Stored data:
================================

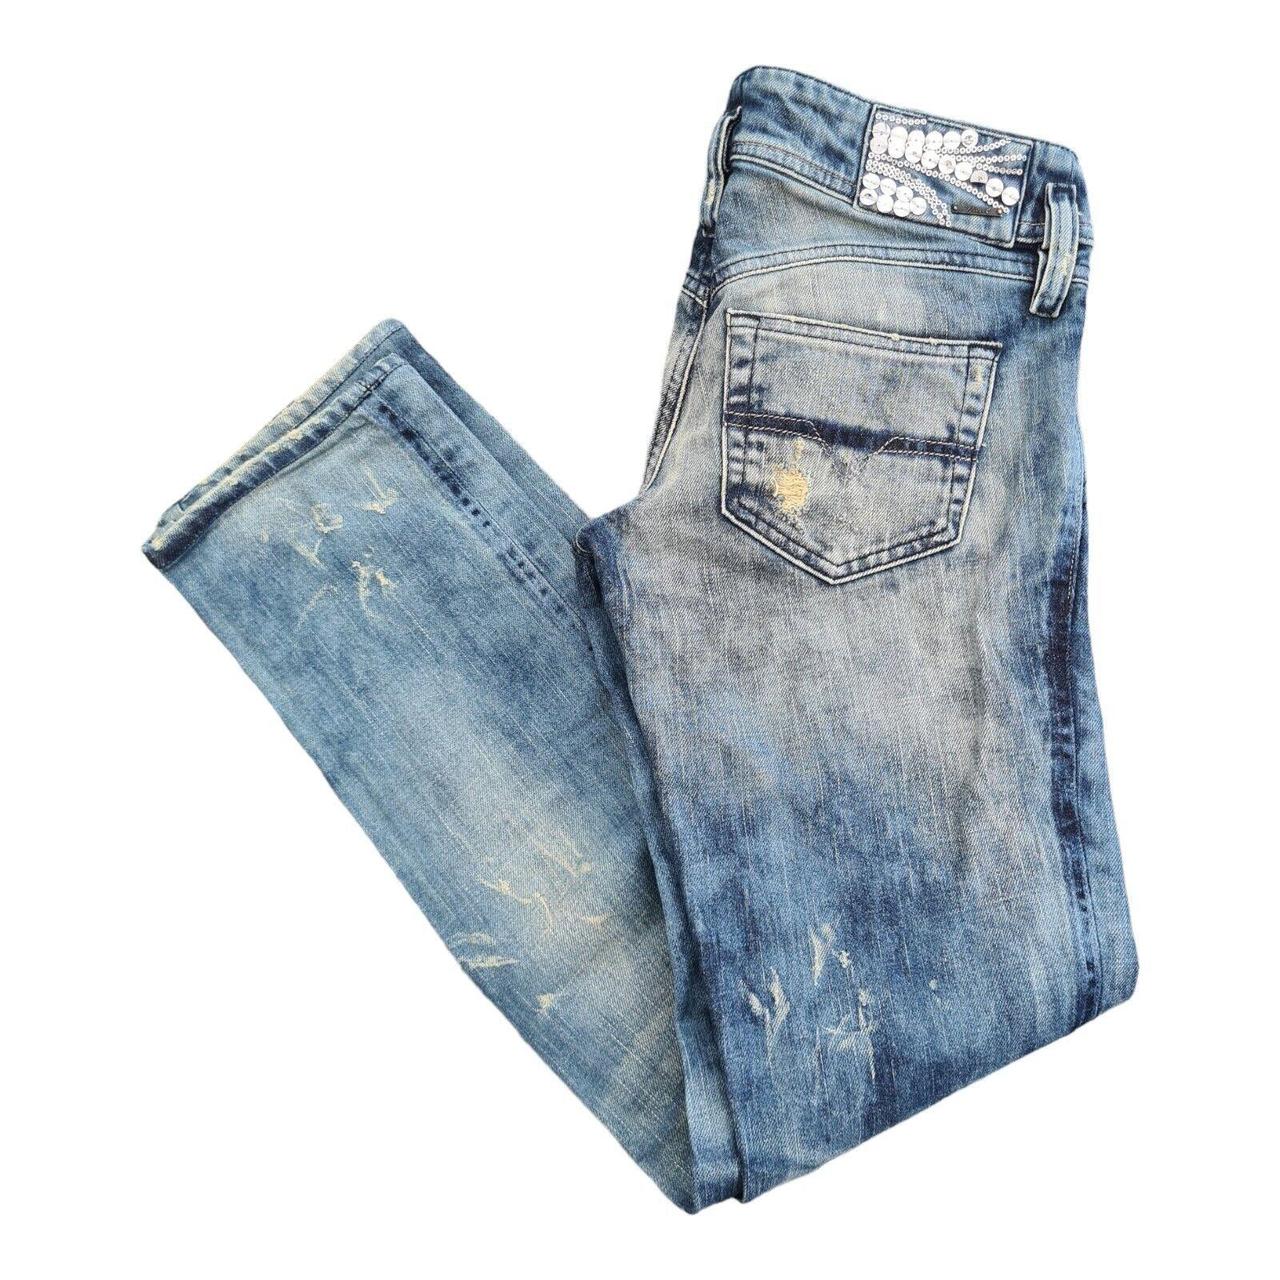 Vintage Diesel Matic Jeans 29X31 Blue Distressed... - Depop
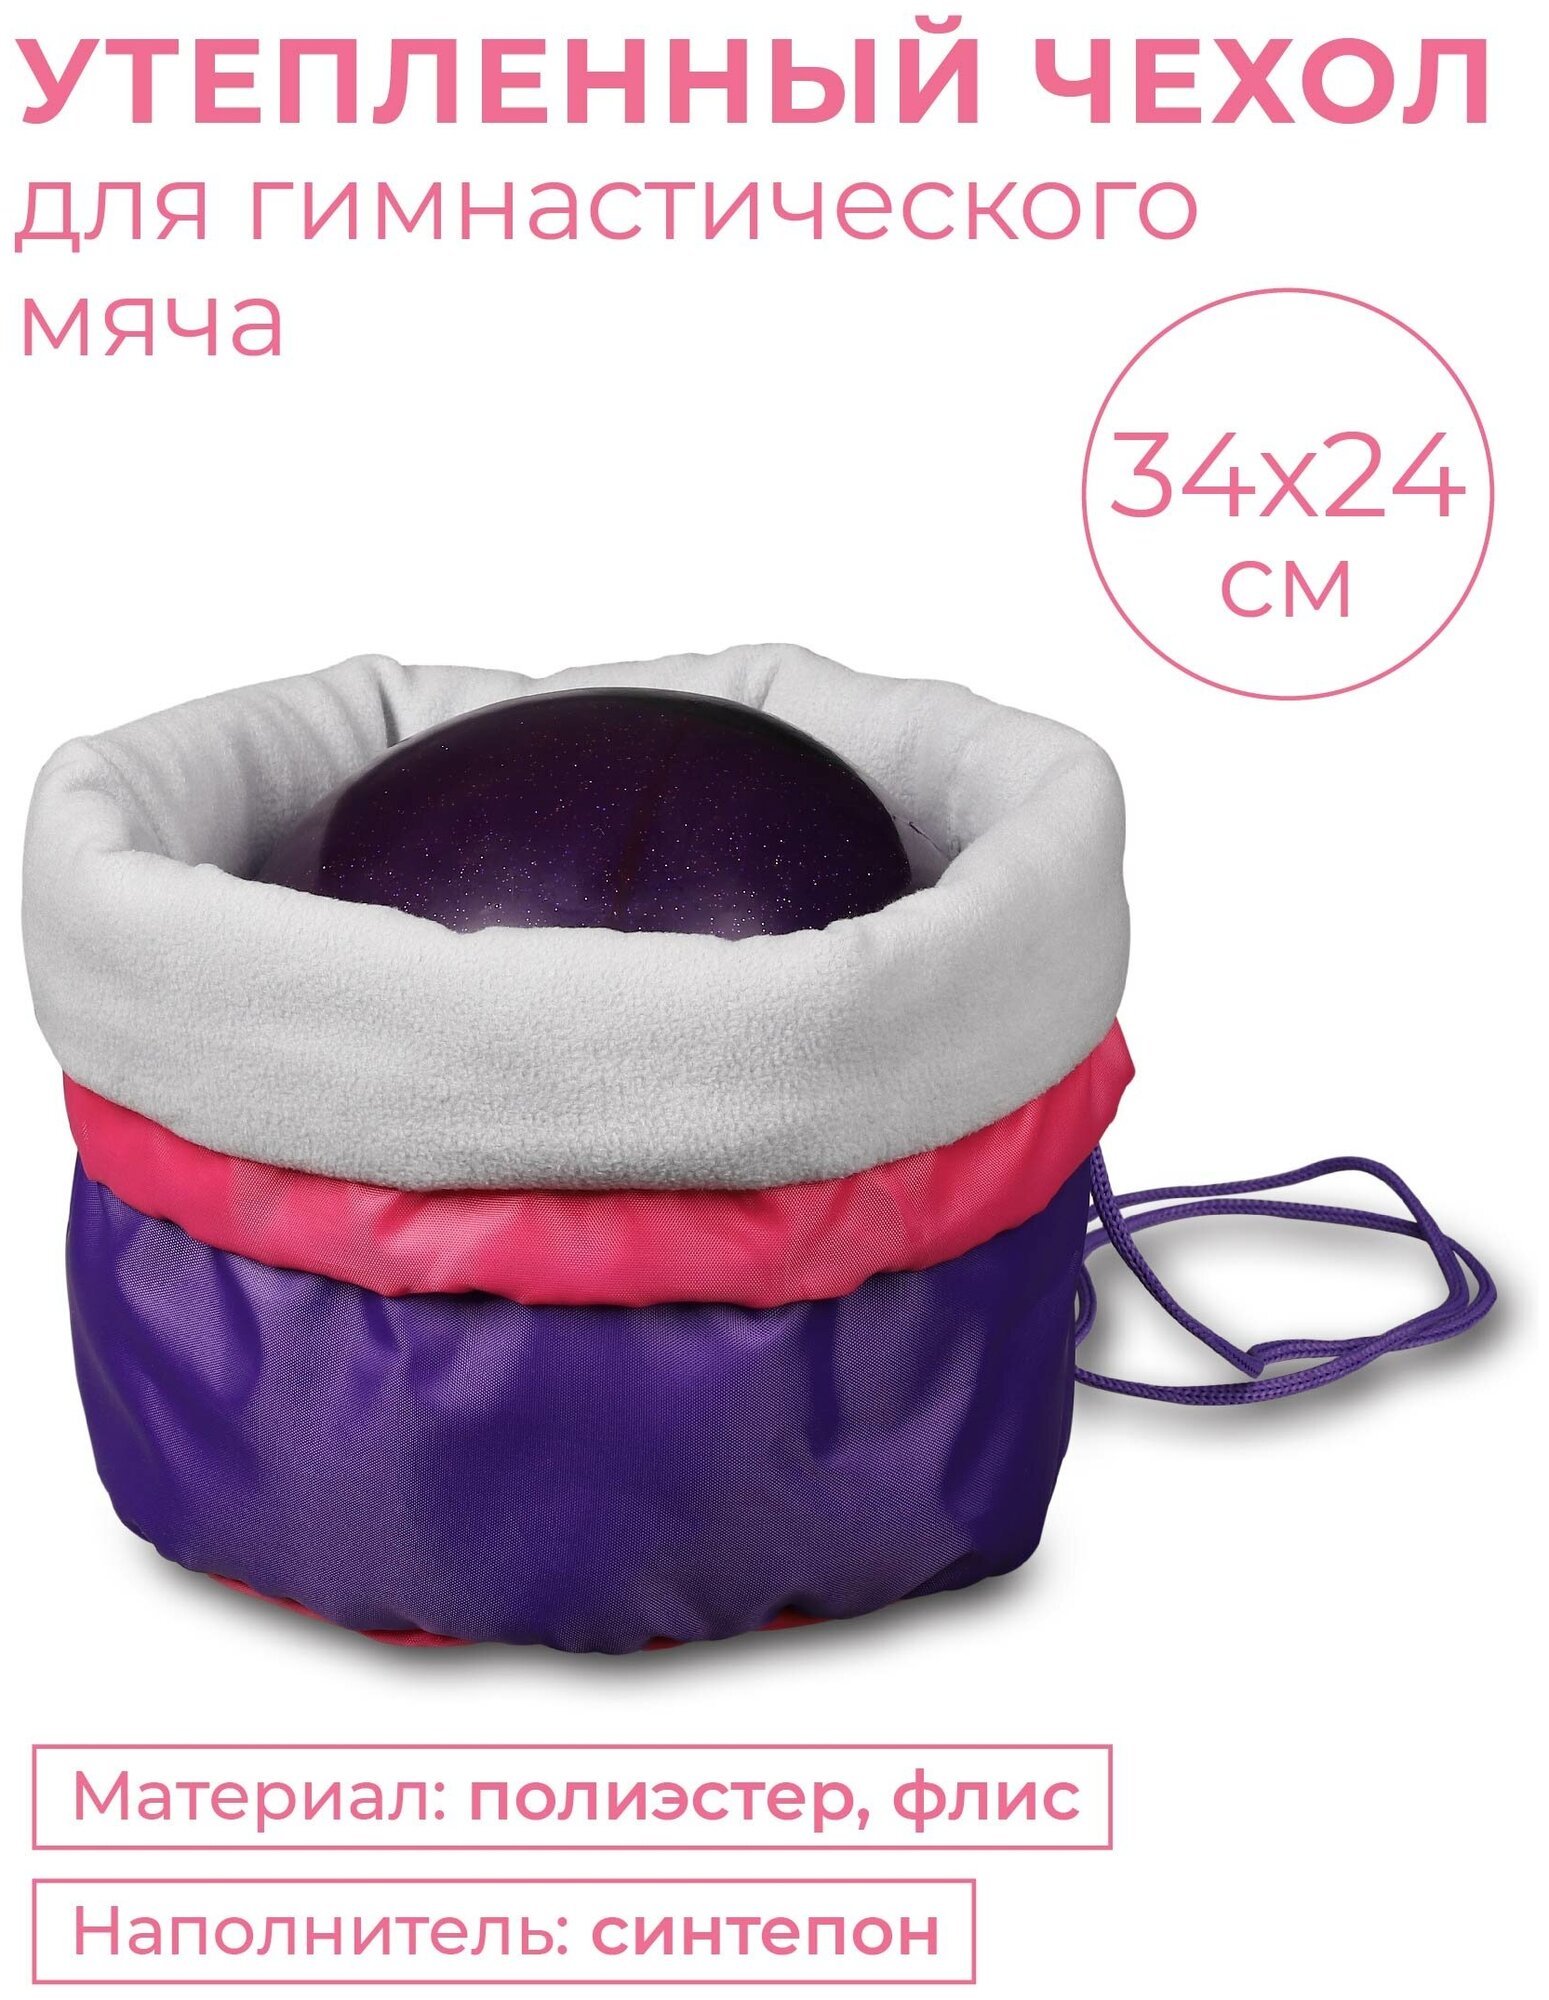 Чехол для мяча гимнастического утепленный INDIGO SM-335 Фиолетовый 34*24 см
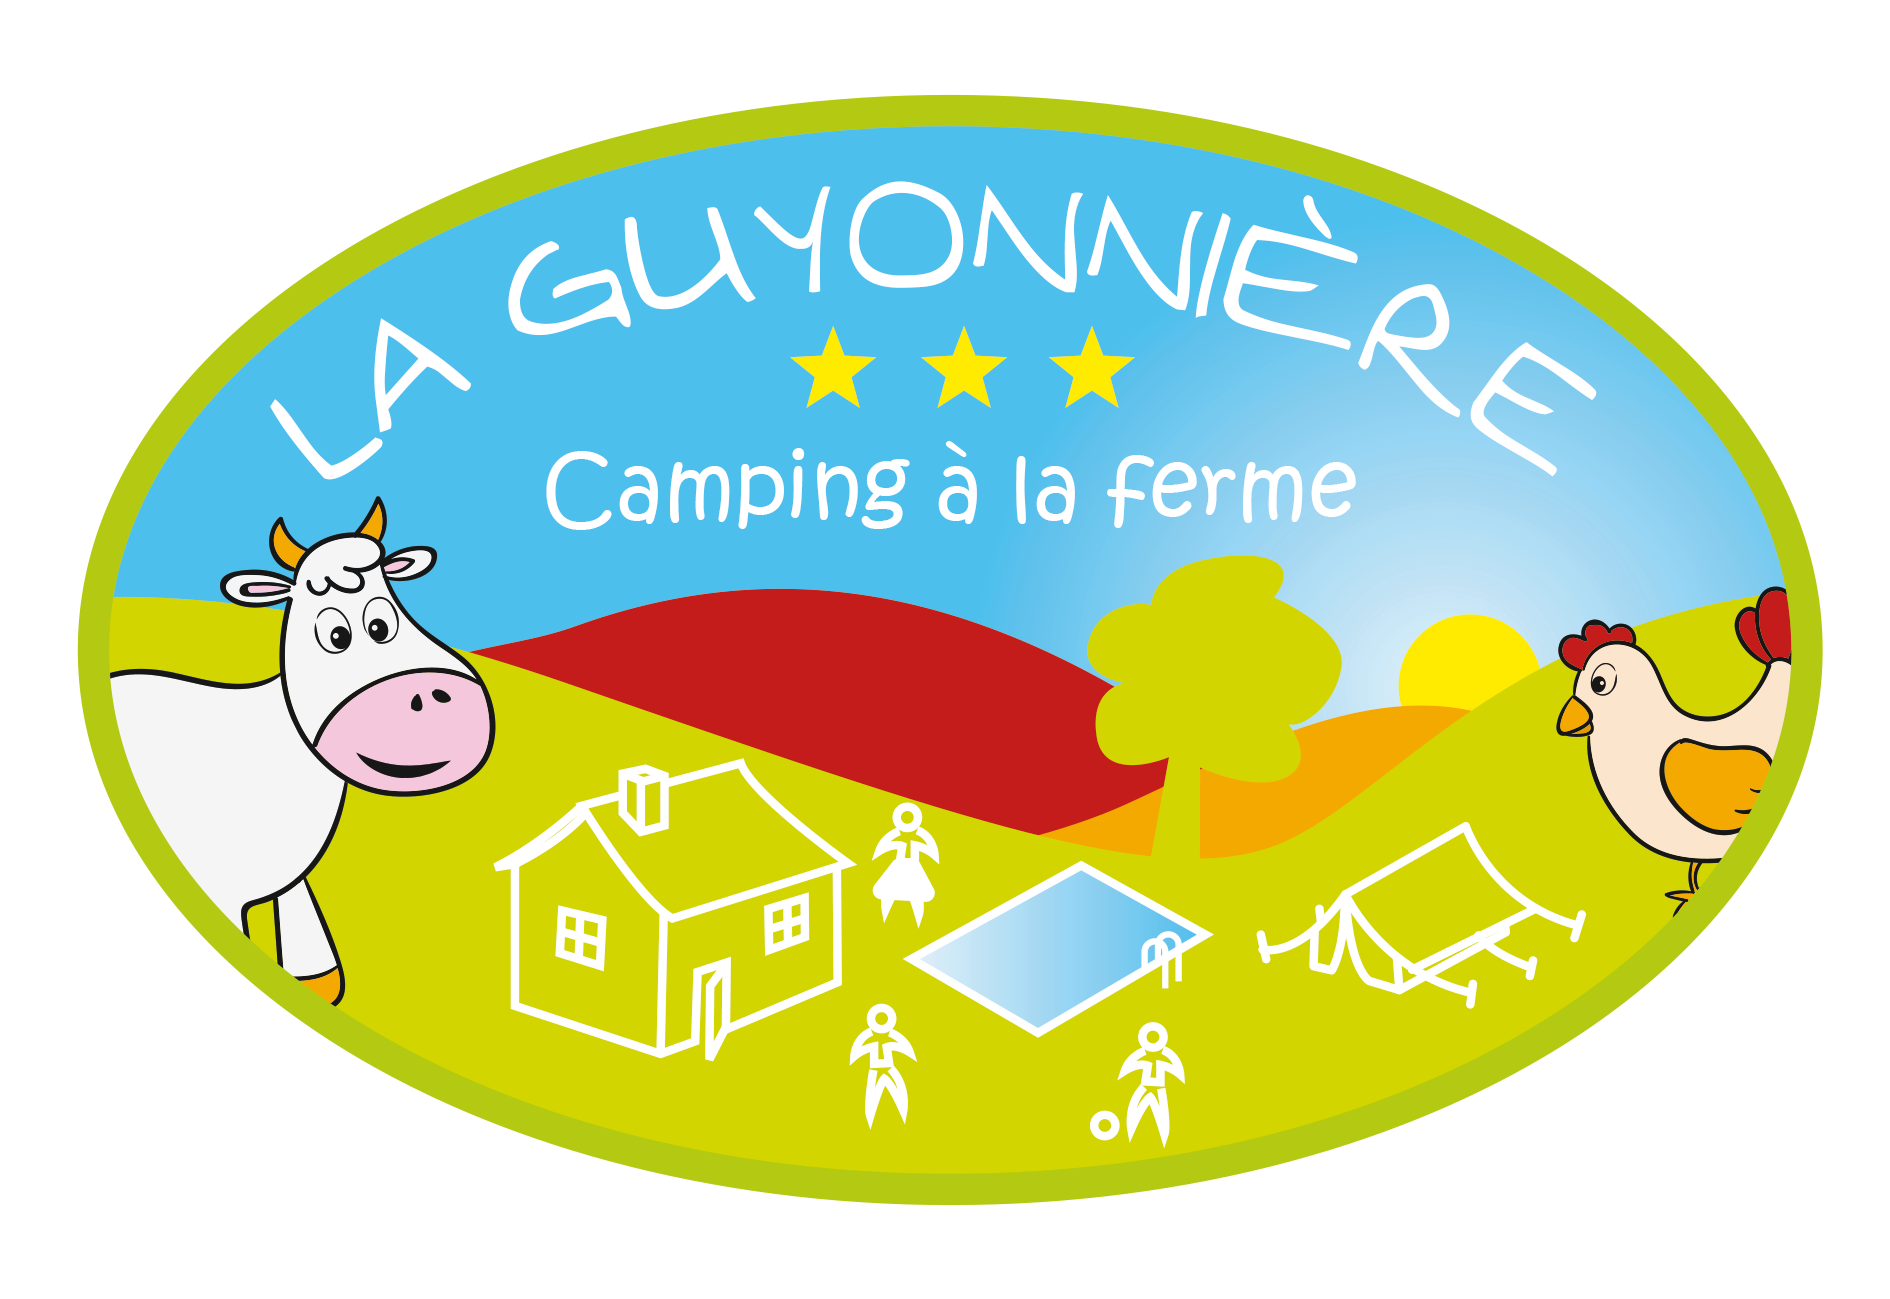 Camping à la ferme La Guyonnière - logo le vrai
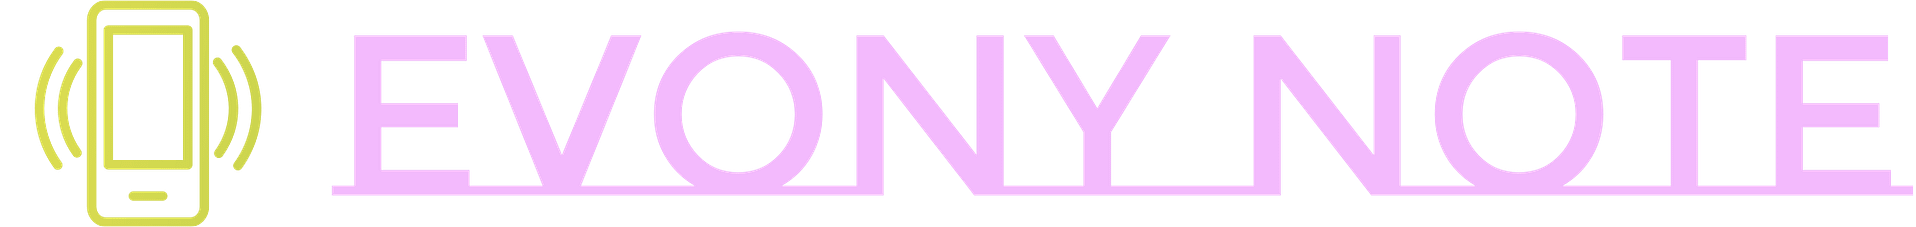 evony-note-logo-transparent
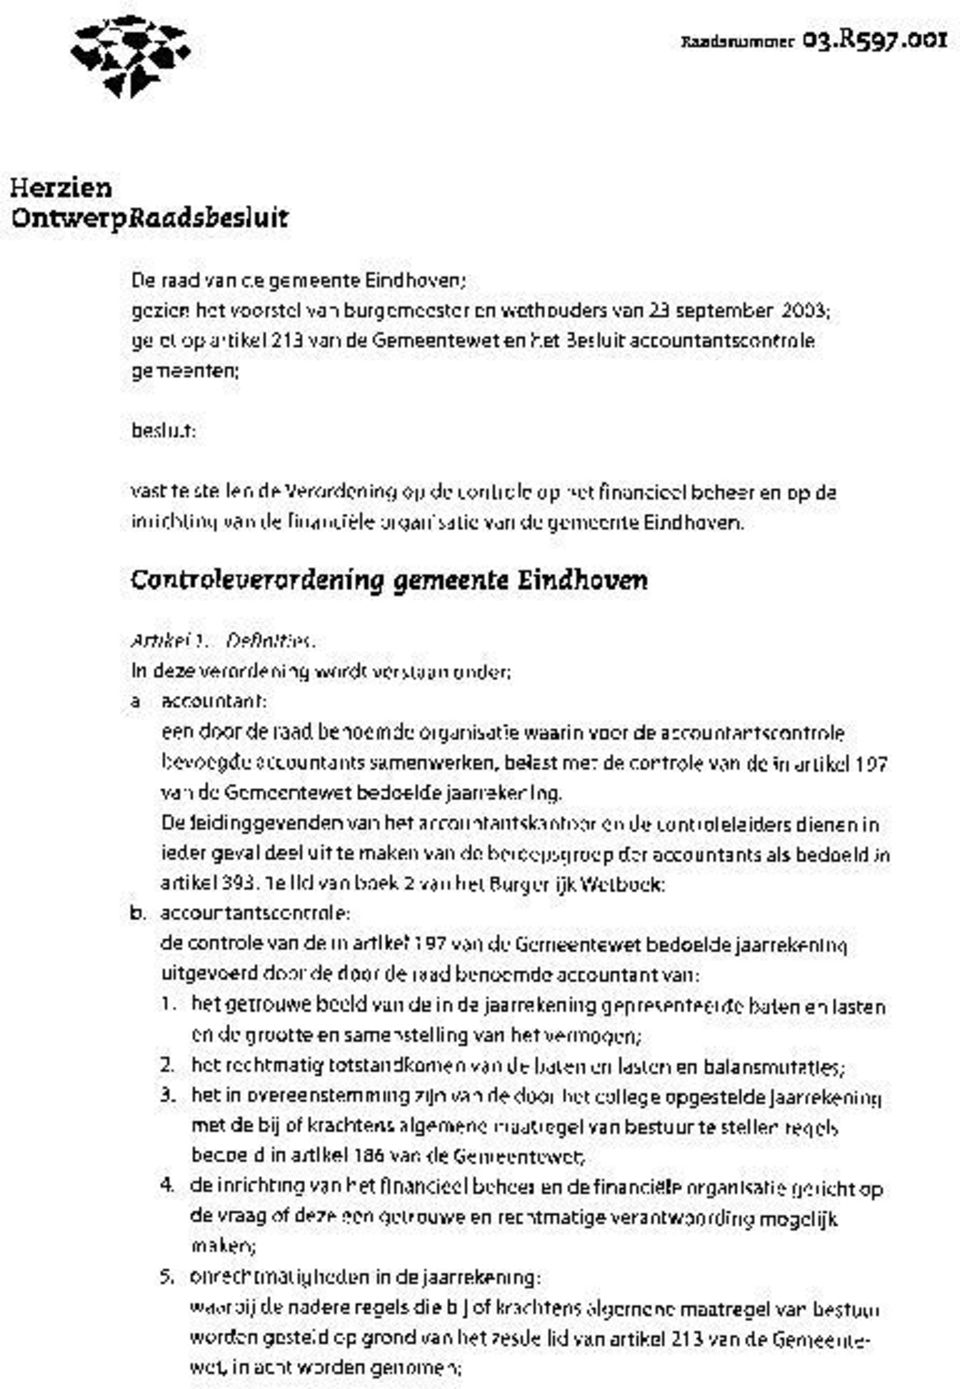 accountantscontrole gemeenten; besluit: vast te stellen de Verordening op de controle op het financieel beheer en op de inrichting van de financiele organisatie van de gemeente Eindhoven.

================================

Task brief:
From the line with "Чехол для мяча" down to the last line of the entries above, set down every line exactly, apart from the pictures.

Answer to this problem:
 Чехол для мяча гимнастического утепленный INDIGO SM-335 Фиолетовый 34*24 см
 Camping à la ferme La Guyonnière - logo le vrai
 evony-note-logo-transparent
 accountantscontrole gemeenten; besluit: vast te stellen de Verordening op de controle op het financieel beheer en op de inrichting van de financiele organisatie van de gemeente Eindhoven.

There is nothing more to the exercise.